Dana Alokasi Umum (DAU) dan Dana Alokasi Khusus (DAK) masih menjadi tulang punggung keuangan daerah, dengan dana bagi hasil dan dana desa ikut menyumbang pemasukan.
Namun, angka-angka ini tidak serta-merta membuat Pemkab Aceh Tengah bisa bernapas lega.

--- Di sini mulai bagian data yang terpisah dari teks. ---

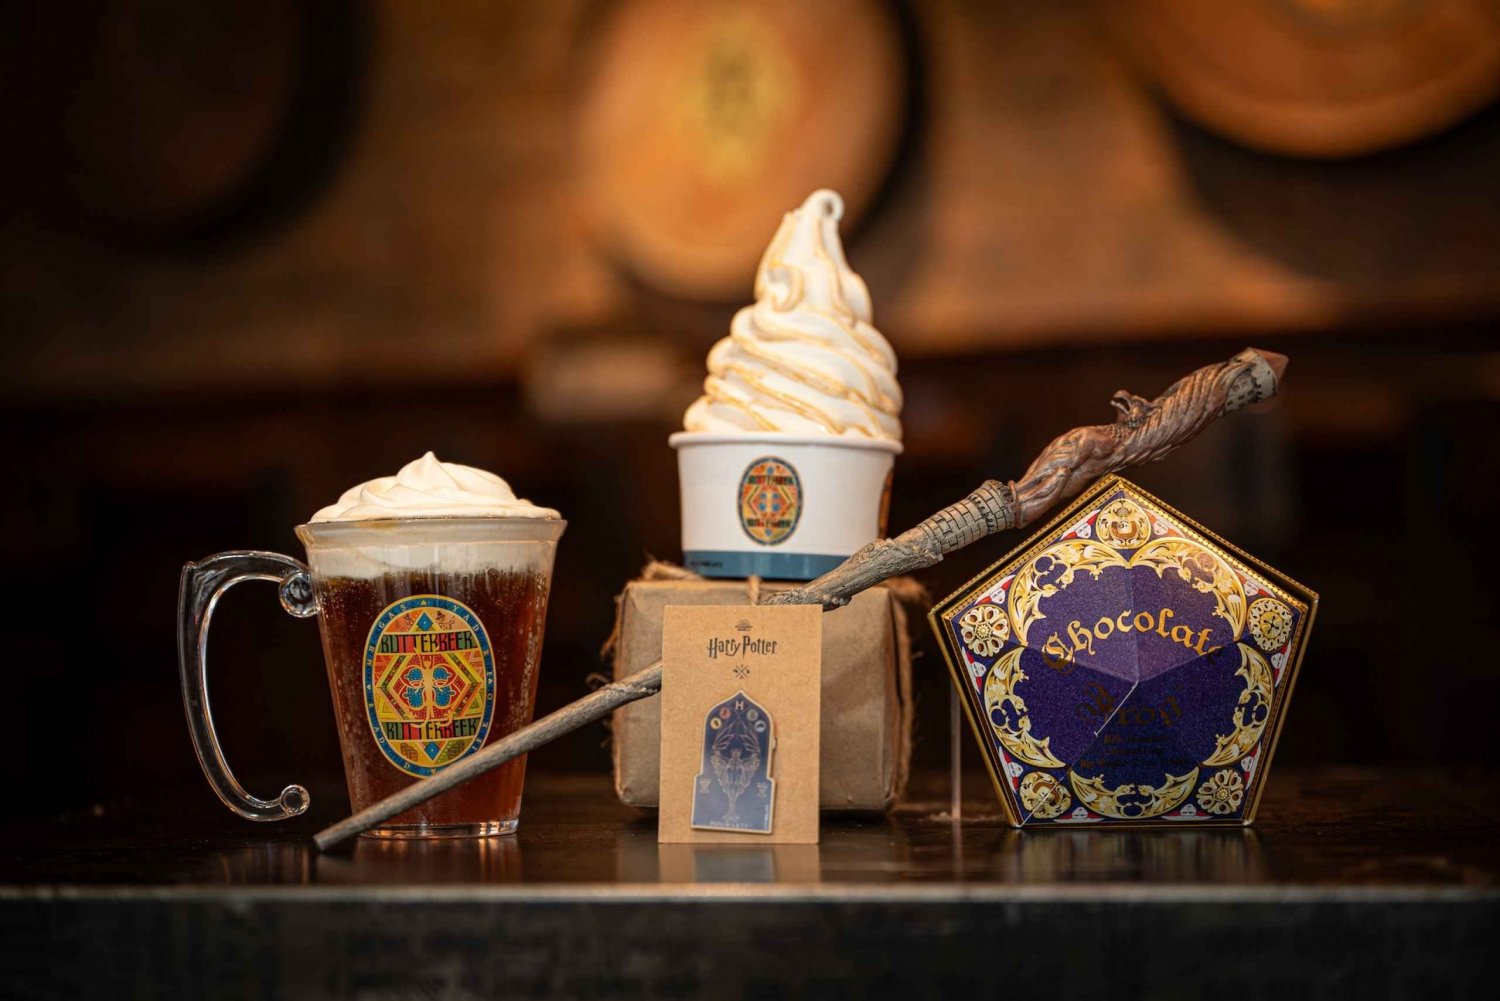 NYC: Harry Potter New York Shop with Wand & Butterbeer

Salah satu pukulan telak yang akan datang adalah berakhirnya Dana Otonomi Khusus (Otsus) pada 2027.
Ini bukan sekadar angka dalam laporan keuangan, melainkan sumber daya krusial yang selama ini menopang pembangunan di Aceh Tengah.
Belum cukup sampai di situ, pengurangan Dana Alokasi Khusus (DAK) fisik dan Dana Alokasi Umum (DAU) dari sektor PUPR juga menjadi ancaman nyata bagi rencana pembangunan infrastruktur.
Sementara itu, belanja pegawai terus membengkak, terutama karena penyelesaian tenaga honorer dan pengangkatan Pegawai Pemerintah dengan Perjanjian Kerja (P3K).
Ibarat kapal di tengah badai, Pemkab Aceh Tengah harus memutar otak agar tidak karam di tengah tantangan finansial yang semakin berat.
Untuk menghadapi kondisi ini, Pemkab Aceh Tengah di bawah kepemimpinan Haili Yoga dan Muchsin Hasan tidak bisa hanya bergantung pada “uang jatuh dari langit.”
Diperlukan strategi kreatif agar pendapatan daerah tidak hanya bertahan, tetapi juga tumbuh.
Dalam Rancangan Awal (Ranwal) RPJMD Aceh Tengah tahun 2025-2029 dan rancangan RKPD tahun 2026 dicantumkan beberapa upaya, diantaranya:
Creative Financing, skema pembiayaan inovatif seperti Kerjasama Pemerintah dan Badan Usaha (KPBU), pemanfaatan Corporate Social Responsibility (CSR), hingga eksplorasi dana karbon untuk mendanai proyek strategis.
Optimalisasi PAD, meningkatkan efisiensi pemungutan pajak dan retribusi, serta mengelola aset daerah agar menghasilkan pendapatan lebih maksimal.
Pemberdayaan BUMD dan BUMDes, mendorong Badan Usaha Milik Daerah (BUMD) dan Badan Usaha Milik Desa (BUMDes) untuk berkontribusi lebih besar dalam pendapatan daerah, bukan sekadar menjadi ‘beban’ yang terus disubsidi.
Jika strategi ini berhasil, Aceh Tengah mungkin bisa selamat dari ‘badai keuangan’ yang mengintai di depan mata.
Namun, jika hanya sekadar janji tanpa implementasi nyata, jangan heran jika beberapa tahun ke depan, judul berita bukan lagi “Otsus Pamit, APBD Menjerit,” tetapi “Anggaran Seret, Program Molor, Rakyat yang Kena Getah!”